# Cambio de orientacion de imagen tv



## Smash_fx (Jun 29, 2006)

Ahora mismo, comparado con la mayoria de ustedes soy aspirante de electronica. Se lo peligroso del televisor, por el capacitor asi que se como manejarlo. Me gustaria saber si alguien me puede decir como puedo invertir la imagen y ponerla en espejo. Osea que la imagen se invierta vertical y horizontalmente. Por favor me urge para un proyecto el que me lo pueda explicar casi como para un niño se lo agredeceria muchisimo.
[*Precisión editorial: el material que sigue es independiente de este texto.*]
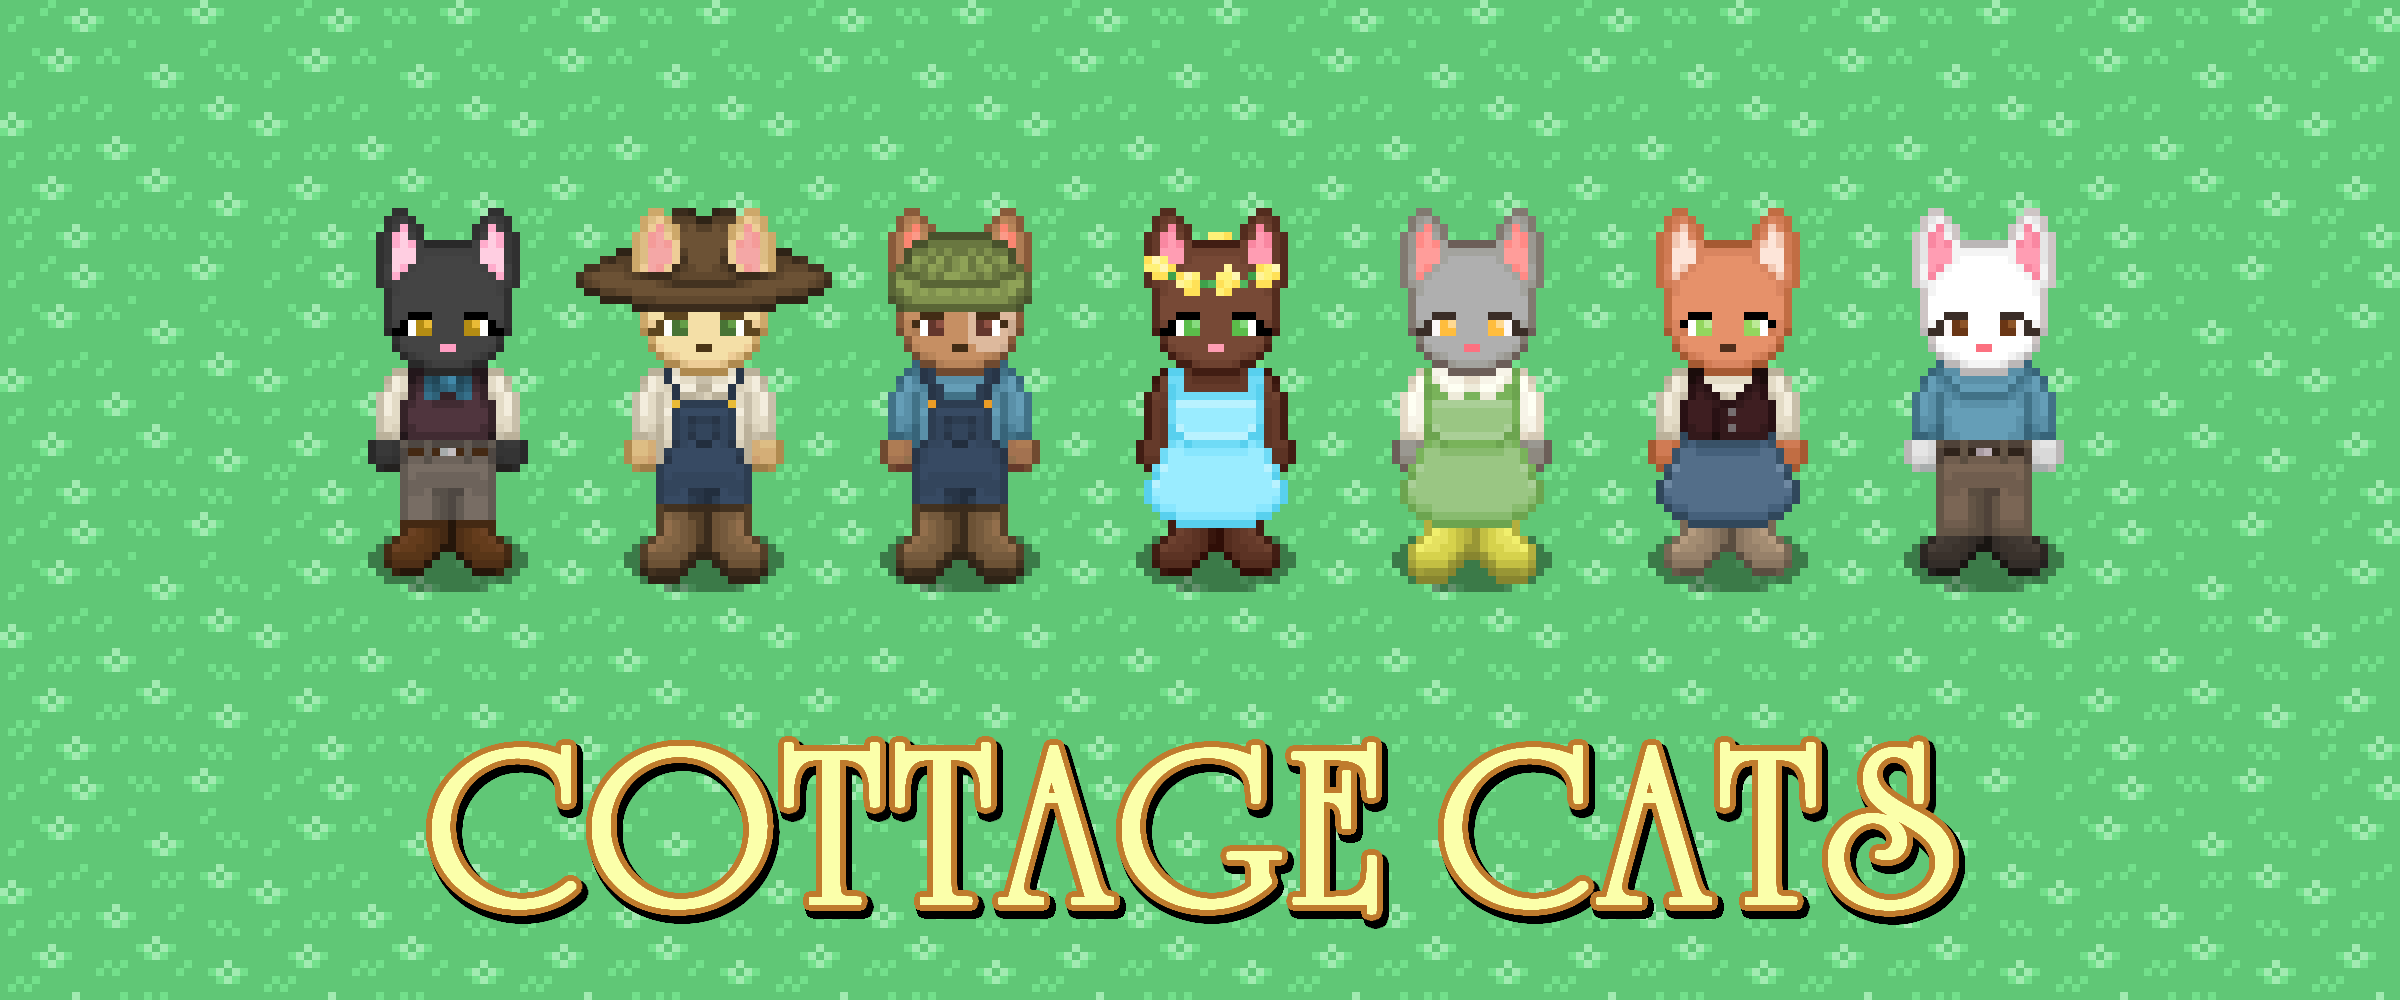 Cottage Cats || Pixel Asset Pack
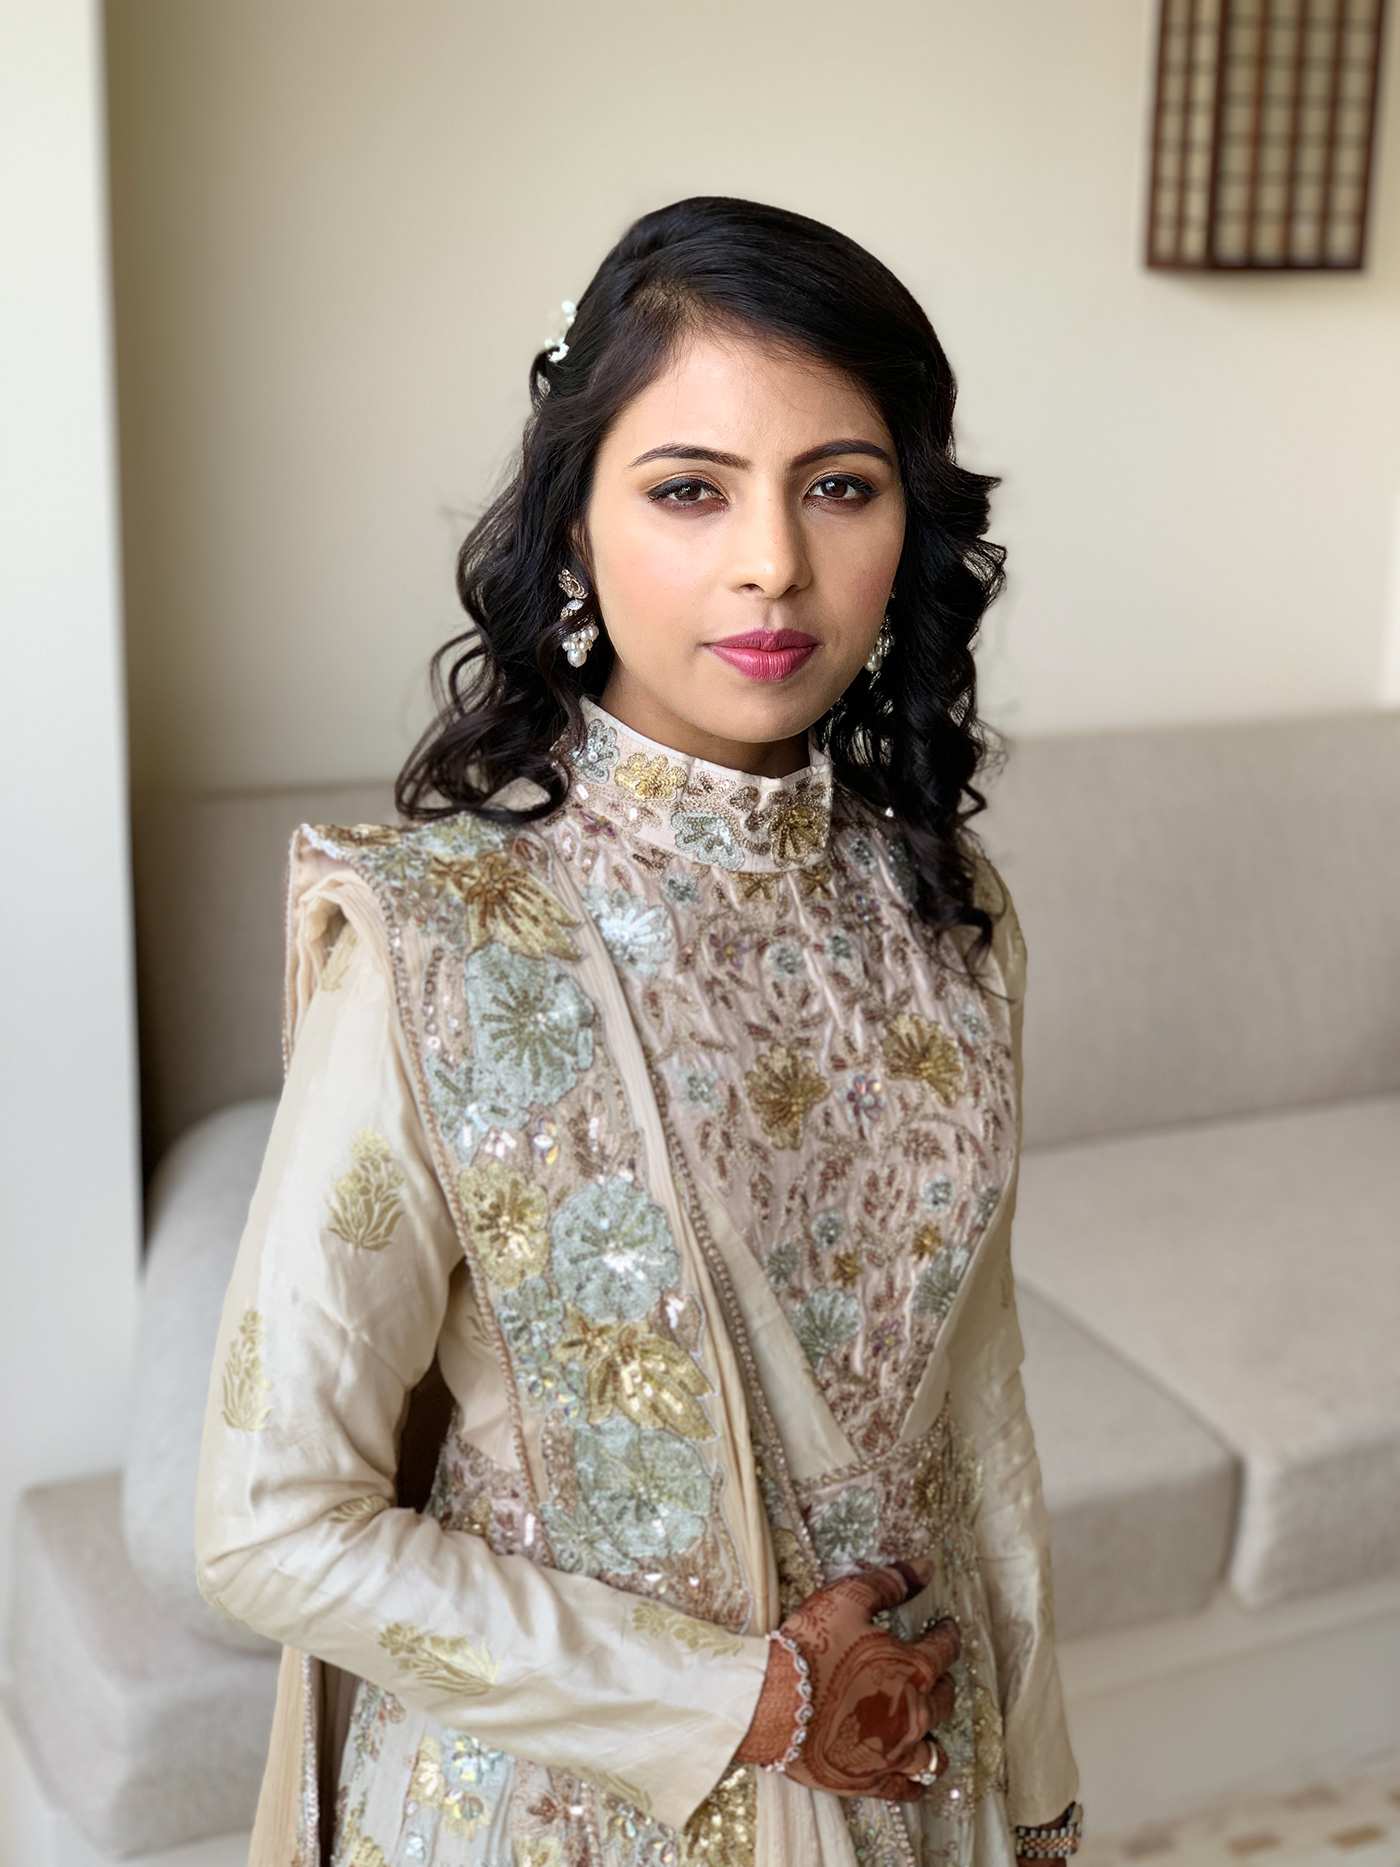 Makeup for neha wedding Goa jan 20th 2019 grand Hayat Goa makeup by Kalpesh Joshi hairstyle by Salma Sayyed

Gracias por adelanto.


----------



## tiopepe123 (Jun 30, 2006)

O seagirar la imagen 90º?
Pues a saco con cuidado aflojas el tornillo de la bobina deflectora y giras el yugo y reajustando todo el yugo despues.


----------



## Smash_fx (Jun 30, 2006)

No es girar 90 grados. Es invertir horizontal y verticalmente. Seria como girar 180 grados y ver en un espejo el resultado.


----------



## Dario Vega (Jun 30, 2006)

No estoy completamente seguro pero creo que si inviertes los cables del yugo (intercambiando las dos conexiones en horizontal entre si, y lo mismo en vertical) lograrias lo que pides.
Si la idea es ver la imágen al derecho cuando miras la pantalla a través de un espejo creo que solo necesitas invertir el horizontal porque los espejos invierten derecha con izquierda pero no invierten superior con inferior.

Exitos


----------



## Smash_fx (Jun 30, 2006)

Gracias, busque toda la información del yugo y ya encontre como se hace, gracias por la orientacion.


----------



## tiopepe123 (Jun 30, 2006)

Recuerda que no puedes cambiar en "caliente" el sentido con un simple interruptor o rele se tiene que hacer sincronicamente para no estropear el transformador de alta y circuitos compesadores.


----------